I talk about weight loss all the time with just about everyone I'm close to. It's a huge part of my life and when people ask me how things have been weight loss is bound to come up. My best friend is trying to lose weight as well so we talk about food and fitness often. I am starting to feel like people are sick of it though, and they do seem to feel guilty when they are making poor food choices around me.
I also have friends that are starting to avoid me because we used to go out to eat all te time and now I don't want to eat out as much. Sometimes I do wish I had people around me that were more into fitness so i at least had someone to go to the gym with.
I have alot of people around me who "try" to lose weight/ think they need to lose weight;however, very few who are making attempts or seeing progress. We are girls so often we'll make self deprecating remarks and everyone joins in. I am actively trying; however, I never really have "talks" with people about it. I talkto my boyfriend who is 6'2'' and 21O. He always says he wants to get back in shape and he's so flabby and blahblahblah. And how he feels liek he needs to lose weight because I'm in such good shape and he gets weird when I say I want to lose another 15ish pounds. He knows though about my struggle with weight and he's always like, I'm sure you're making it worse than it is. I don't know. He like hates his body more than I hate mine and its strange. I just don't know what to do. So, yes and no.
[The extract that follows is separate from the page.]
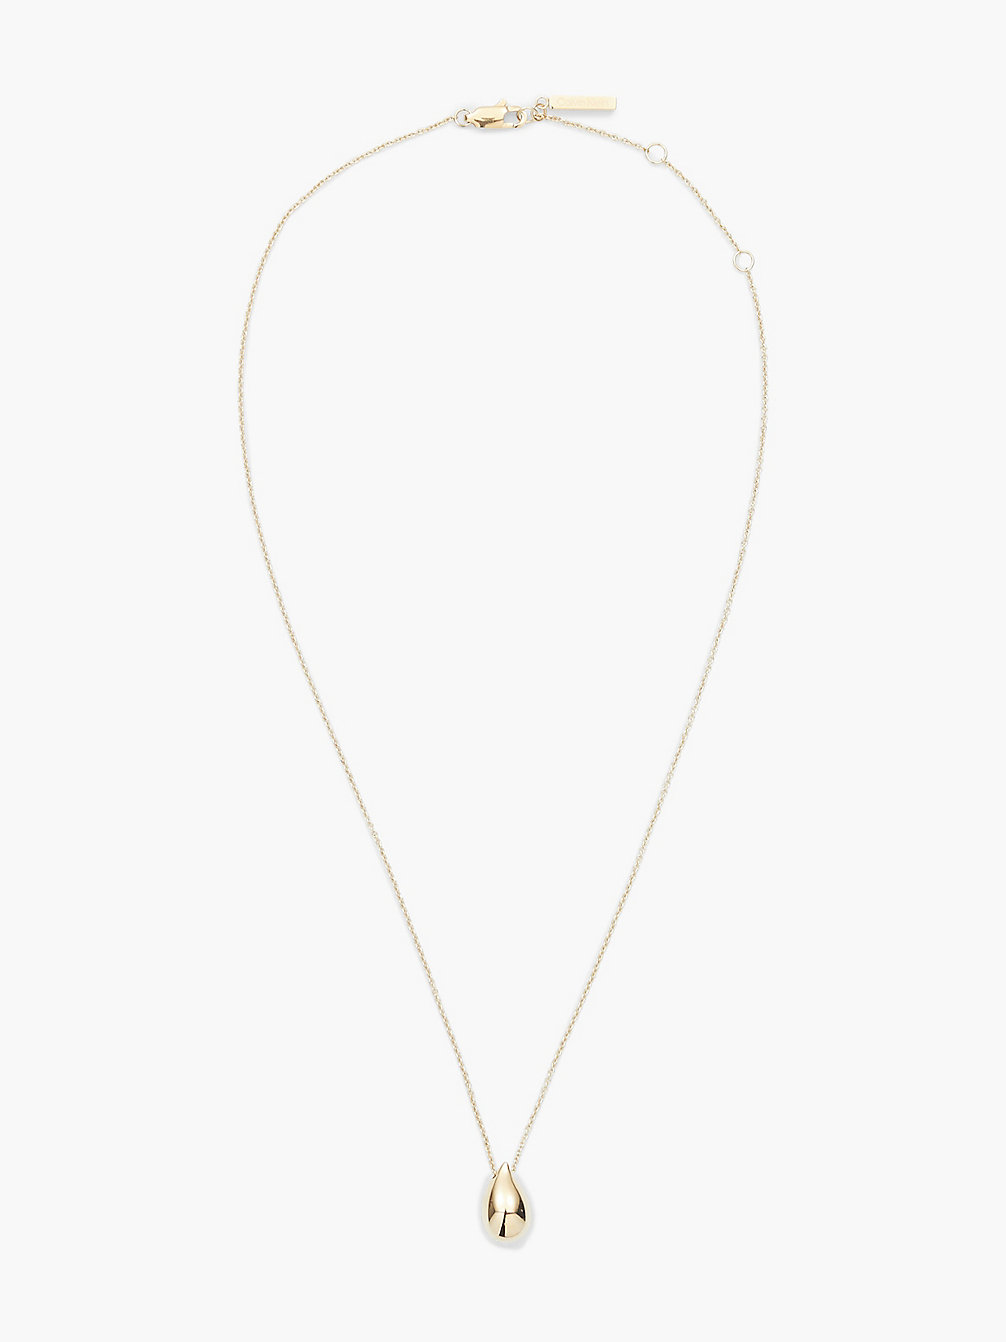 GOLD Necklace - Sculptured Drops undefined women Calvin Klein

My mom and some friends back at home are all into weight loss. Most of them have baby weight they are trying to get off. But most of my friends here are not as bad. I have a friend who is a runner and we talk fitness and dieting but she is way skinny (dancers body). And I work at a hospital and everyone gets annoyed when I say I cant eat this or I pull out my hummus and carrots because they all think Im crazy for even thinking I need to lose weight. I tell them I know where my body needs to be and Im gonna get it there...haha!! But yes it would be nice to have someone physically there to chat with and compare notes with when it comes to something this important.
I feel that way. I'm surrounded by family members that are either overweight or obese, with diabetes and high blood pressure and nobody is doing anything about it. My house is stocked with cookies, ice cream, frozen fries and chicken nuggets, microwave burritos, sugary cereals, ramen noodles in a cup (something I love), etc. There is never any fresh fruit, very few vegetables, etc. Temptation is all around me.
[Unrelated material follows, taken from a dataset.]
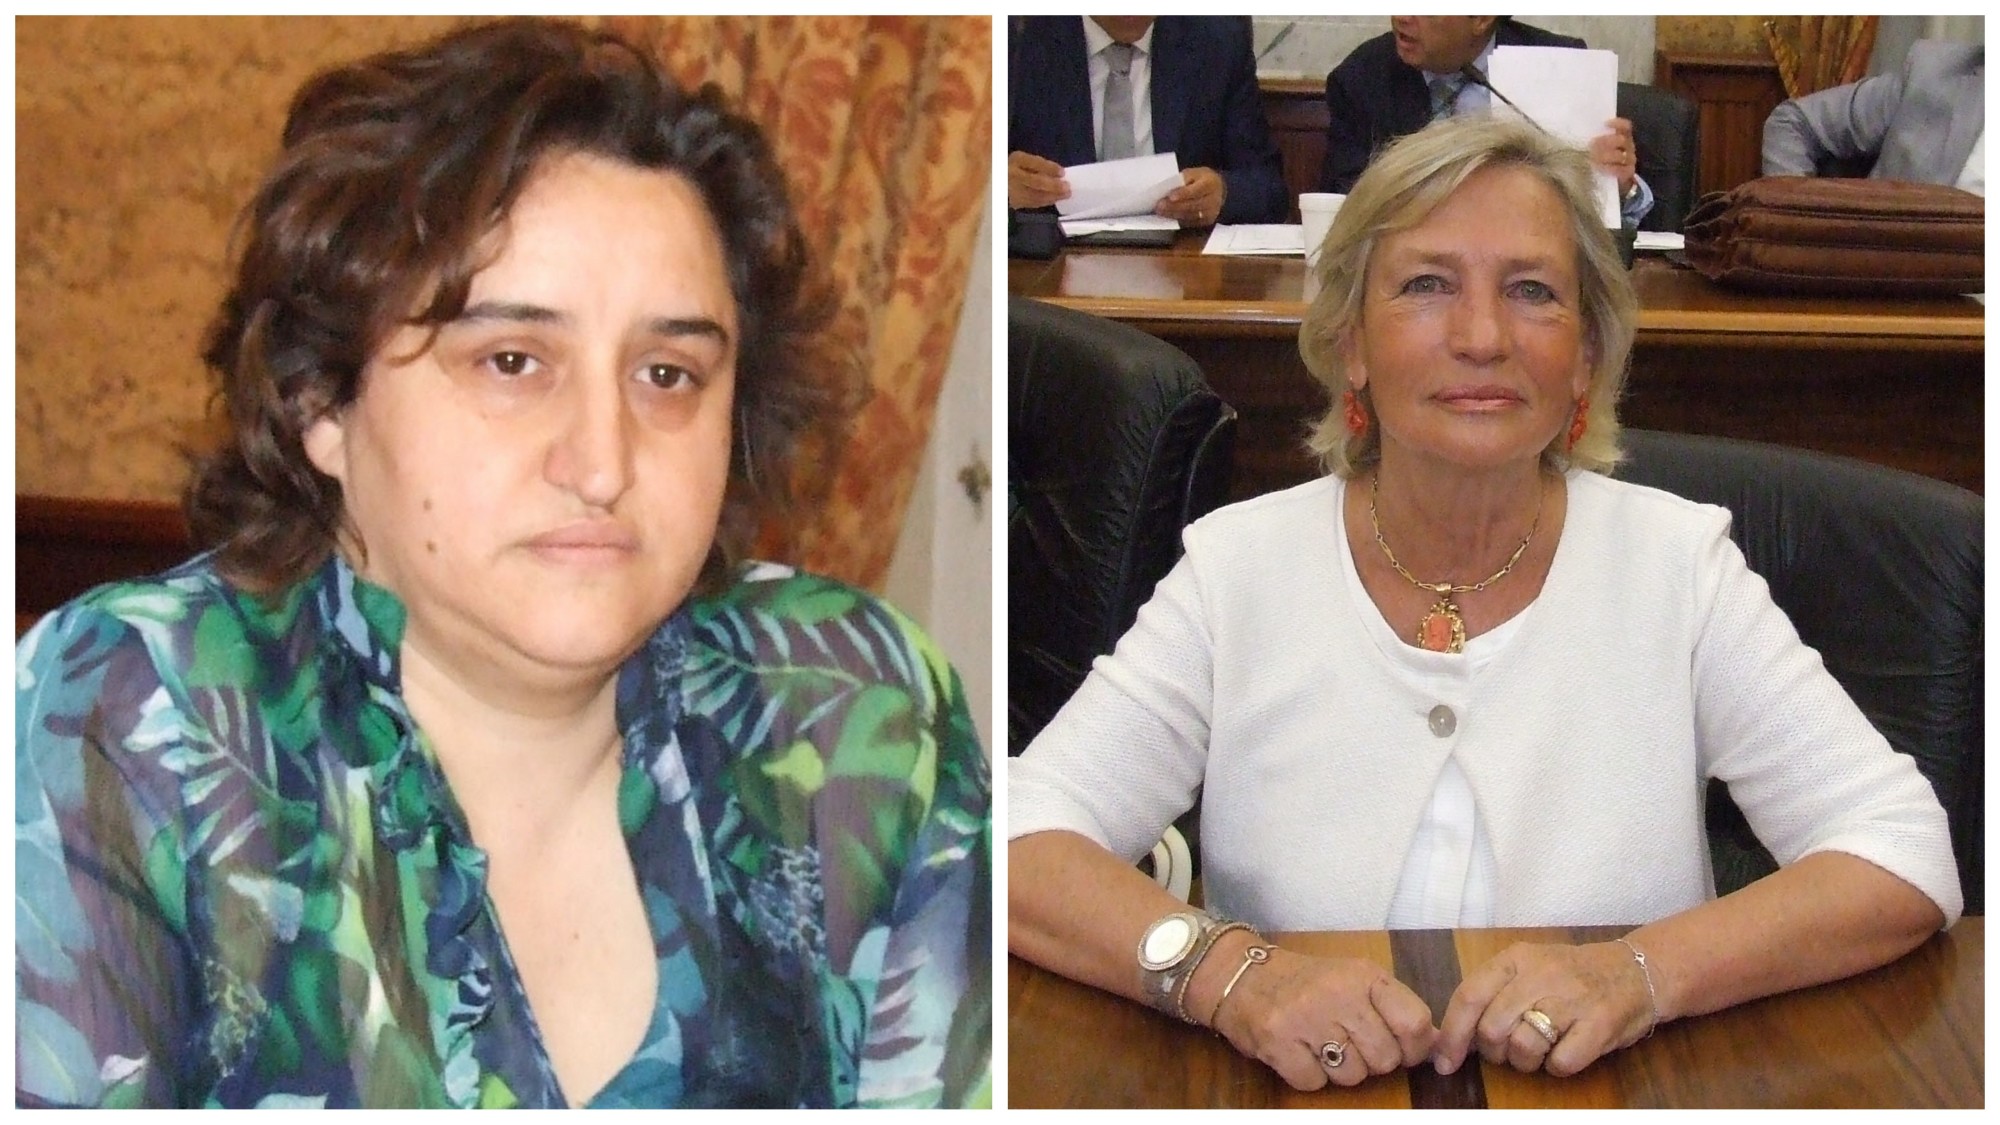 La consigliera Rosanna Genna chiede le dimissioni dell’assessore Clara Ruggieri

Work is my only escape from such bad food until a new girl showed up at work and I befriended her. Said "friend" used to weigh a little more than 300 lbs and got down to the 180s. That's wonderful for her but she started sabotaging me when she lost the motivation to lose her remaining weight. Now that she's gone, work, once more, is my haven for avoiding junk food.
I'm hoping once I get the ball rolling and lose weight that my family members will see and understand that they should try to eat better themselves. But I seriously doubt it.